A sculptor who draws and paints with equal facility, Jamil Baloch is at ease with experiment and innovation but, rather than being confined to a particular style, medium or genre, it is political and social conflicts, predominantly gender suppression and provincial discrimination, which continue to be a constant in his oeuvre. In the global context, as human suffering continues to escalate and political engagement becomes more muddied, balancing the competing factors of political rebellion and pursuit of individual ideals is becoming ever more complex for artists. In Baloch’s current show, the personal and the particular interweave, and viewers need to extract meaning from buried references to partial histories, hushed subjugation and annoying frustrations.
Most works in Disorientation critique the validity of a nation-state that is still grappling with post-independence issues. The art gains clarity when viewed through the prisms of international, national, cultural, religious, social, political, economic and historical factors, since it is the hegemony of power politics and a complexity of parallel and interacting realities that have created most of today’s catch-22 situations. Such communication must thus be read off by the receiver across layered contextual values.
Huge enough to rivet the eye, Baloch’s six-foot cuboid installation titled ‘Sixty Years,’ constructed out of steel rods, mimics a barred cage with a ripped entrance immediately opening onto a floor stencil of bloody footprints. As confining as the cell, it emanates from the stencilled square, marked with footsteps evolving from a centre but caught in a vicious circle of limited motion. Likewise, his video installation also points to the exhaustion and futility of going around in circles but this time the protagonist is not the nation but the artist himself, laboriously charting his aesthetic journey.

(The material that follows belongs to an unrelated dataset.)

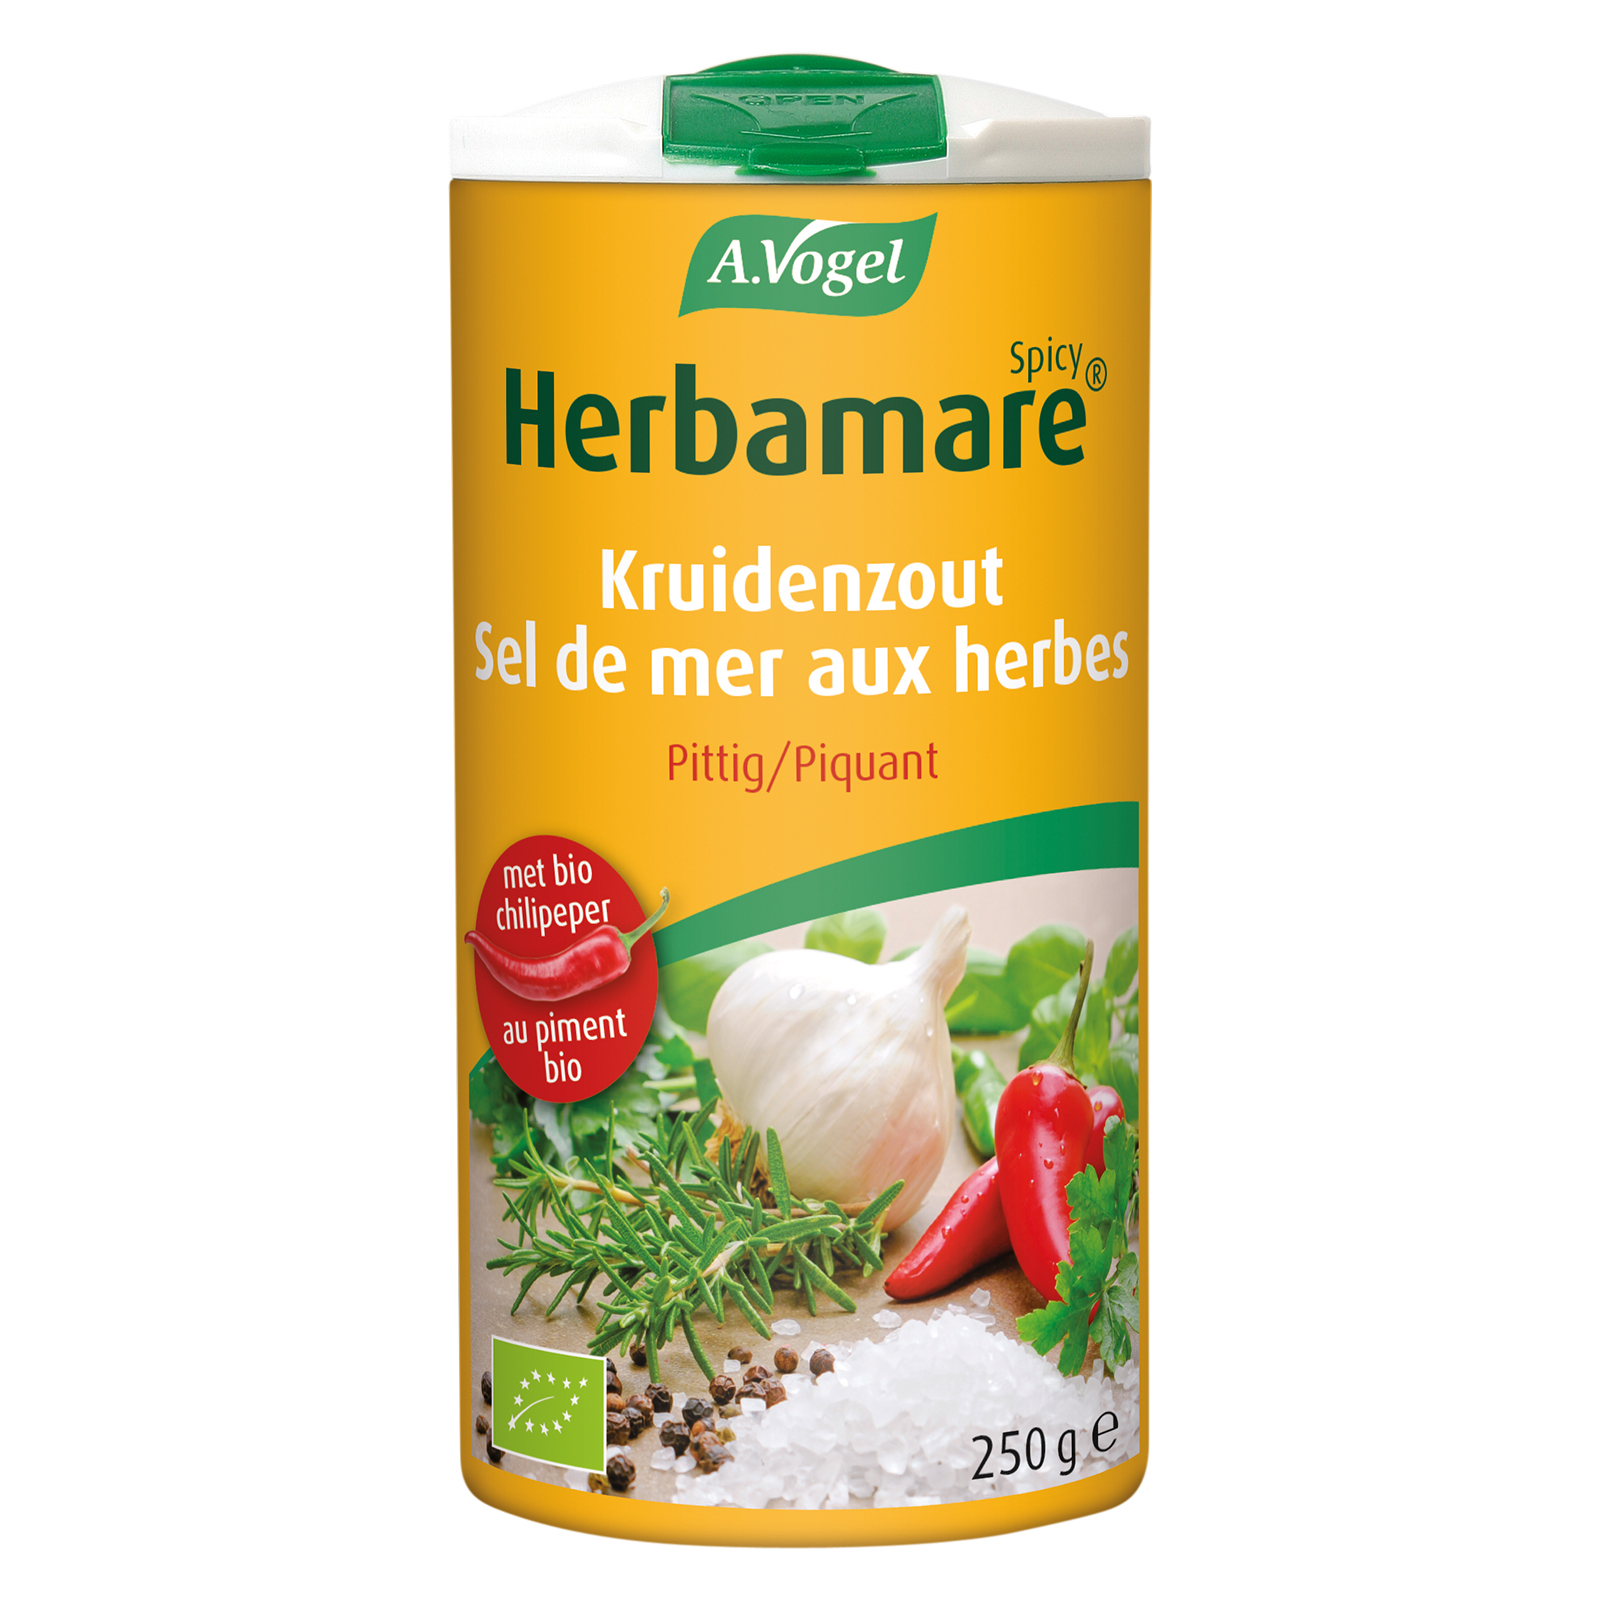 Herbamare kruidenzout spicy bio 250g

A series of fibre glass relief panels simulating the texture of parched earth in all its fissured glory, variously titled ‘Spring,’ ‘Hope,’ and ‘Deprivation,’ allude to surges of activity within a fragmented landscape. In ‘Spring’ the fractured terrain is dotted with images of fighter jets; in ‘Hope’ a hand is shown trying to creep out of a crack and in ‘Deprivation’ a fissure is plugged/smothered with a cloth. Fresh blossoms spurting out of a crevice in ‘Together’ are fetching, in spite of their life-draining bleached whiteness. The ‘Zubaan’ series, interspersed among the relief panels, is an artist’s personal indulgence with linear expressions and technical manipulations. They are more convincing as mark-making exercises than a frank dialogue on ‘Zubaan’ and the politics of language.

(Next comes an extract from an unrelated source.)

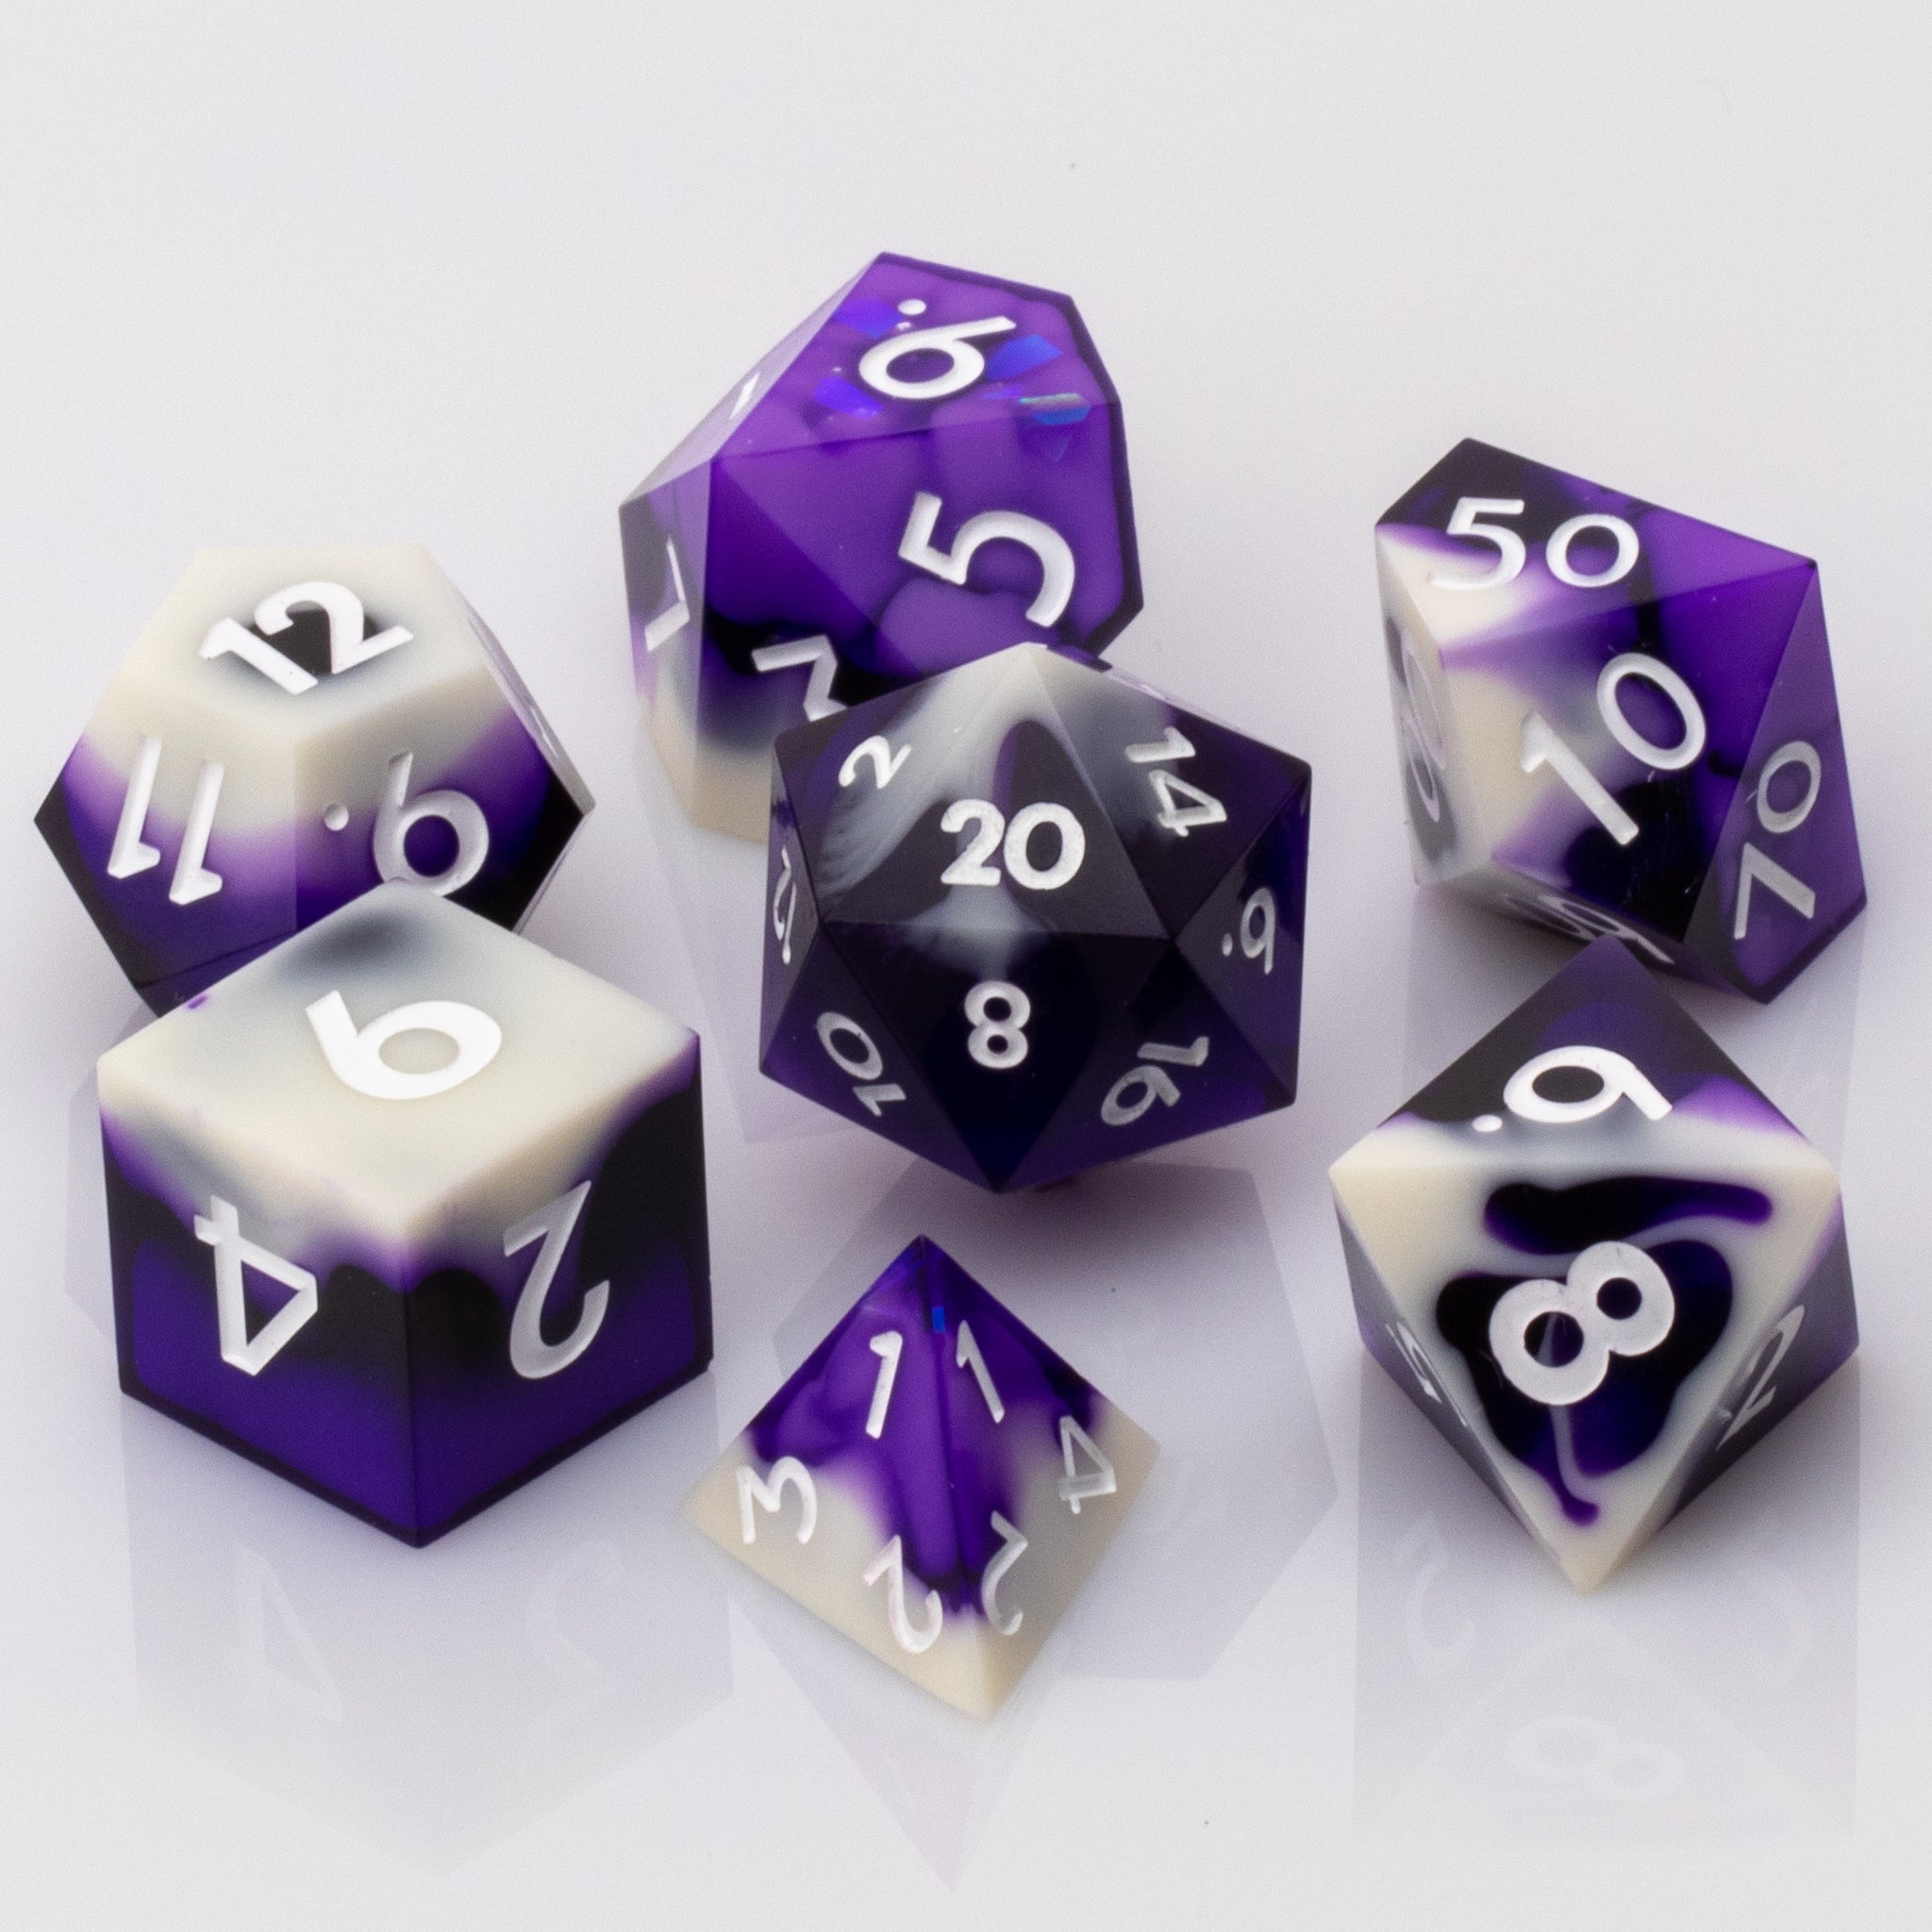 Nightfall, purple and white handmade DND dice set on a white background.

Today, a considerable amount of art emanating from troubled regions of the world is politically motivated and such projects on the whole have become predictable and formulaic, and one is left wondering whether engaged art looks for ‘effect’ or ‘change.’ In the Gandhara cache, a number of works thrive largely on ‘gimickry.’ For a mid-career artist with some memorable art already to his credit, catering to the prevalent and the trendy should not be on Baloch’s agenda. He should be moving towards mature expressions that do not bewilder but meaningfully challenge the imagination of his audience.